The "Class of 2005" has seen a flood of new capital into the industry, but will it still be there in 18 months? asks Lindsey Rogerson

Seldom known to miss an opportunity, hedge and private equity funds have been lining up in recent weeks to capitalise on the expected leap in reinsurance premiums triggered by the most expensive hurricane season on record. Hurricanes Katrina, Rita and Wilma are now expect to cost as much as $60bn, and the investment community is clamouring to profit out of this adversity.

However, the jury is still very much out on whether any of the raft of new ventures unveiled in the last month, will ultimately prove successful.

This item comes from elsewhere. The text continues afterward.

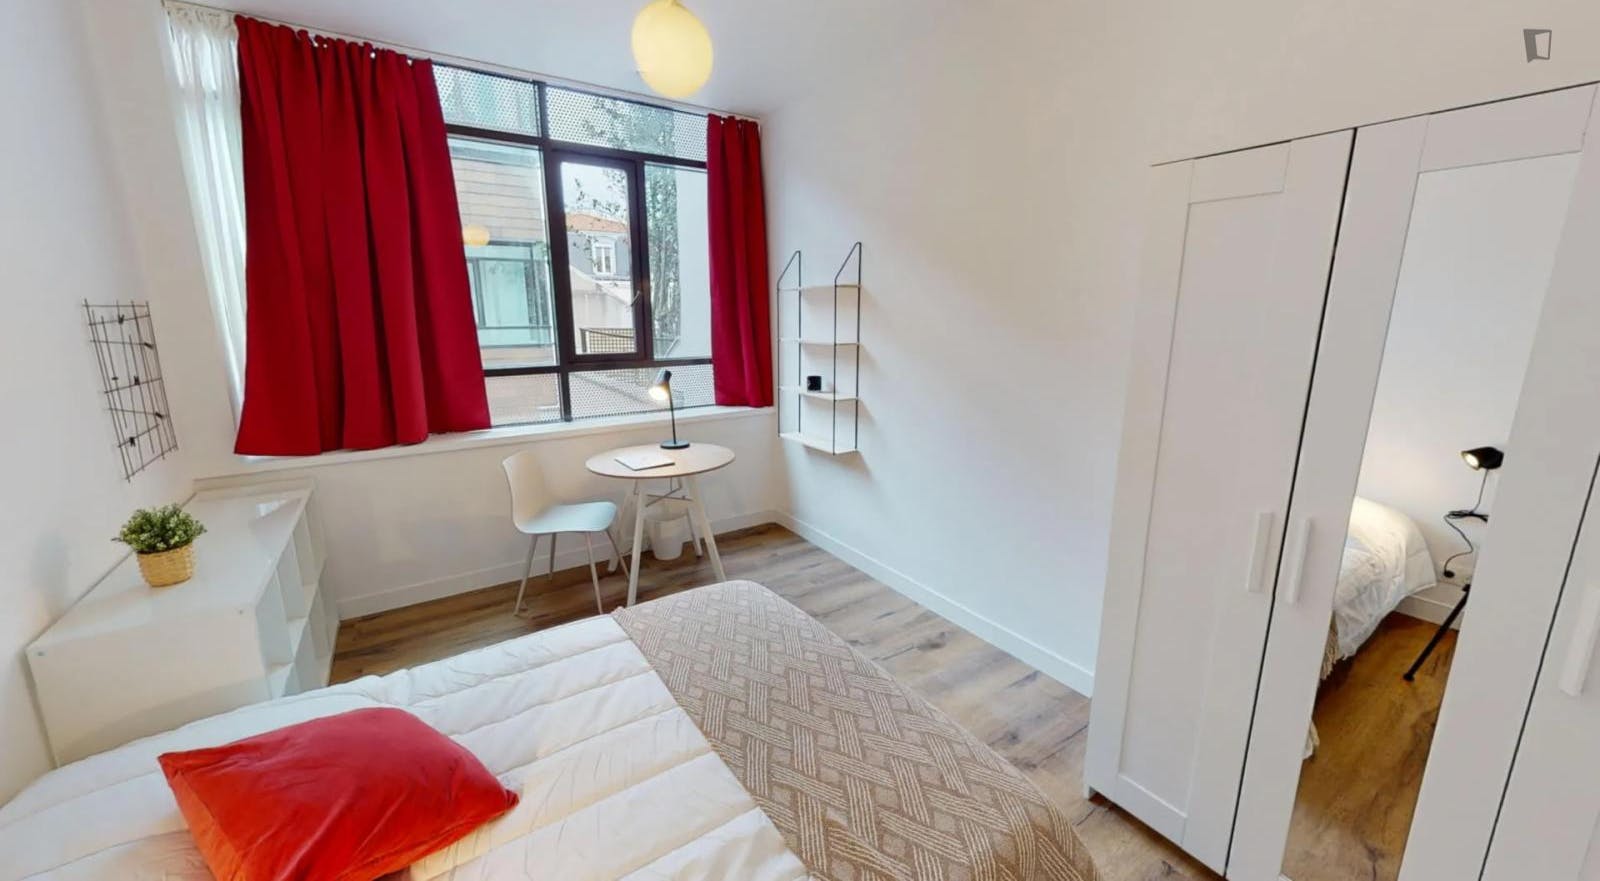 Cute double ensuite in a 12-bedroom apartment not far from Sports Area Jean-Pierre Rives

High on the list of concerns voiced to Global Reinsurance was simply that there are not enough good underwriters to go around, and even if the suitable personnel could be found, there are doubts about whether it would be in time to get access to the best business this renewal season.

Some sources also called into question the motives of those setting up new Bermuda reinsurance groups. Alastair Lockhart Smith, of JLT Risk Solutions summed up the sentiment, "A lot of the money that is coming in is looking for a quick buck, and I make no distinction between hedge fund managers and private equity houses. It's rather like setting up a bar in the City of London - you get the punters in and then flog it - and a lot of the money that is coming in is not going to be around in 18 months."

Opportunity knocks

Intentions aside, the consensus is that the amount of capital required for a new venture will need to be at least $1bn for it to stand any chance of getting out of the stalls. Nick Martin an analyst on Hiscox Insurance Portfolio fund said: "You are always going to get some opportunist money coming into the market, especially after large catastrophes and at a time when these companies (hedge and equity houses) have got a significant amount of cash and there are not that many other opportunities to do anything with it.

"But we are pleased to see that they are significant launches, because you need at least a $1bn behind you if you are going to play in Bermuda, or else must have a backing of an established player behind you."

Next the credentials of those at the front of the Bermuda 2005 launches have to be considered. Martin is quite relaxed about the entry of several Lloyd's groups into Bermuda, as they already had well-stated plans to open for business on the island, and have simply fast-tracked entry to take advantage of the opportunities now on offer.

Indeed many of the names jumping in with new vehicles are not exactly new kids on the reinsurance block and have a track record of capitalising on past market opportunities. Don Kramer, the man behind Ariel Reinsurance, set up catastrophe reinsurer Tempest Re over a decade ago in the wake of Hurricane Andrew. For its part, private equity group Cypress previously backed Montpelier Re and White Mountain, launched after the terrorist attacks of 9/11. Citadel, whose latest venture is New Castle Re, already has CIG Re.

Brokers, analysts and fund managers alike will be playing a waiting game, keen to see what ratings the new Bermuda reinsurers are given, as well as keeping a watchful eye on what business they choose to write. Diversity appears to be what most are hoping to see.

Lockhart Smith said, "There is a movement away from cat orientated businesses to ones that are more diversified, so if companies were showing a bit of diversity in their business plan then that would play well because otherwise, if say someone was setting up to take a chunk of the energy market, that would look horribly like a 'get rich quick' scheme."

Even then, Lockhart Smith thinks it may be difficult to convince some clients to place business with some of the newer companies, as clients' own security systems would preclude placing business with such untested companies. A point echoed by Martin, although in the post Katrina world he does not think it will merely be the new boys who lose access to business.

"Going forward companies are going to be very careful who they buy their reinsurance from, thinking very carefully about whether they trust the capital behind them," he predicts. "Partner Re have got through the storms okay and people will go to them, but Montpelier lost one third. Insurers have to ask, 'Do I really want to place business with them? Possibly not, and if I do I want a lot of guarantees that if anything happens I will get my money.'"

There is a perception that established players Hiscox, XL Capital, Amlin and especially Chubb will fair better than most in the new tranche of Bermuda launches, not least because of the access to personnel they have from their existing operations. Chubb's venture Harbor Point is to be headed up by John Berger, currently chief executive of Chubb Re. "A big concern is that there is a scarcity of underwriting talent and I would not be surprised if a couple of the proposed vehicles do not get off the ground because they have a lack of talent," Martin said.

"Talent is all the more important at the moment because a lot of the models that have been used by companies have been found to be broken, and underwriters are going to have to work from basics and not just go out and buy software packages and plug them in. So that means you have got to have decent underwriters."

In fact, Chubb's statement that they will feed future reinsurance business to Harbor Point has gone down well with Martin, who said it was the only one of the new ventures he would buy if he could (although he cannot buy Hiscox, because of internal company rules).

- Lindsey Rogerson is a freelance journalist.